Next, the neuron checks to see it it's correct. (The teaching mechanism is internal to the neurons themselves, partially to allow for concurrency but mainly because it made the most sense programatically.) There are three possible outcomes:

Case CORRECT) The neuron is correct, either in correctly identifying a 1 or by correctly identifying that it's not a 1. In this case we do nothing to the weight matrix.

Case FALSE_POSITIVE) The neuron is incorrect, thinking it has been shown a 1 where in fact it hasn't. In this case we need to decrease the chance of this happening again by decreasing the values in the weight matrix that correspond to an active pixel. This means next time the neuron will take less notice of those pixels.

Case FALSE_NEGATIVE) The neuron is incorrect, by thinking it hasn't been shown a 1 when in fact it has. In this case we need to increase the chance the next time it's show a 1 to get it correct. We do by increasing the values in the weight matrix that correspond to an active pixel. This means next time this image is shown and the results are summed we'll be above the firing threshold of 0.0.

It is worth noting that the incorrect cases FALSE_POSITIVE and FALSE_NEGATIVE carry different weight adjustments. Case FALSE_POSITIVE (where it wrongly thinks it has been shown a 1 when it hasn't) will occur far more frequently than case FALSE_NEGATIVE (where it is being shown a 1 but gets it wrong), so the down adjustment to active pixels will be smaller than the up adjustment, by a factor of 10.

This process is repeated for each of the input images until the neuron converges, convergence being defined as no adjustment to the weight matrix is made after being shown the complete set of 0-9 images.

We'll walk through the first few cycles looking again at the neuron looking for 1. This shows the weight matrix after the neuron has made it's guess and has had the learning algorithm applied.
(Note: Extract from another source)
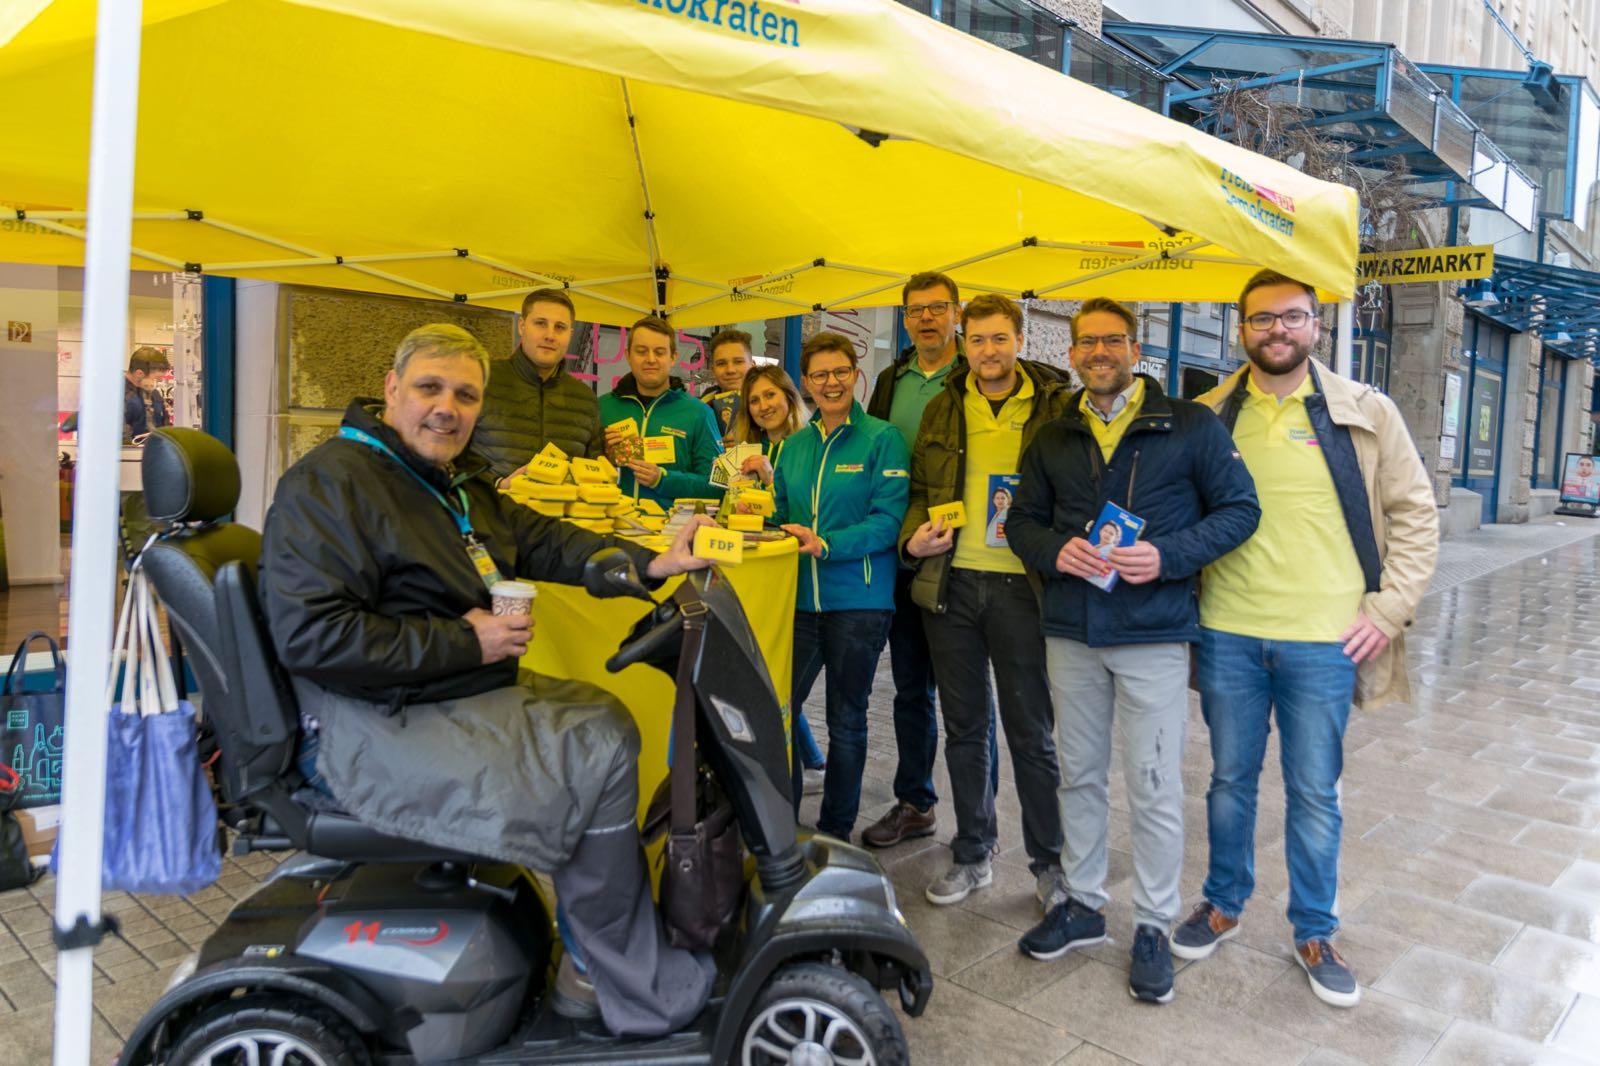 Infostand der FDP zur EU-Wahl

Black means that pixel is strongly positively associated with the number 1. While white means that pixel is strongly negatively associated with the number 1. Gray is neutral.


In the above case neuron_1 is shown the number 0. As the weight matrix is initialised to 0, the sum of which is 0, which is greater than or equal to 0 and so triggers a yes output, meaning it thinks it's a "1". As it's actually being shown a "0", it's incorrect, and the weight matrix is adjusted downwards for active pixels as described above.


In the next case above the neuron has been shown a 1, but as many of it's weights have been negatively set by the previous cycle, it will wrongly produce a no output. In this case, the weight matrix is adjusted upwards for every active pixel as described above.


In the next case the neuron has been shown a 2. As the weight matrix has just been heavily biased in favour of seeing 1s everywhere, it will wrongly produce a yes output. Again as in the first example, the weight matrix will be adjusted downwards for those active pixels. This means that the portion of the image that corresponds to both 1 and 2 will be given less weight than those only pertaining to "1". If you zoom in your browser (ctrl-mousewheel) you can see the shadows more clearly.


The above frame shows the neuron converged on Liberation - all the pixels associated with non-1 numbers have been negatively weighted, while those associated with 1 are positively weighted.



The raw data set the graphs below were derived from is available here. Note that the neuron output value is an enum, with CORRECT=0, FALSE_POSITIVE=1 and FALSE_NEGATIVE=2.


The above graph shows the number of incorrect answers across the neurons per cycle. The first set corresponds to Liberation, the second to Harabara, the third Optimus then the fonts are replayed. Each font run is separated by 10 correct cycles used to determine convergence on that font.


The above graph shows number of correct and incorrect answers in total by font. L1 is the first run where Liberation is shown, O2 the second Optimus run etc.

New Language usages

Third party libraries

By far the most important contribution this app has made to the trad4 architecture is the following (and it's so important it deserves it's own line, in bold italics):

Third-party libs are OK, as long as you keep them on the stack.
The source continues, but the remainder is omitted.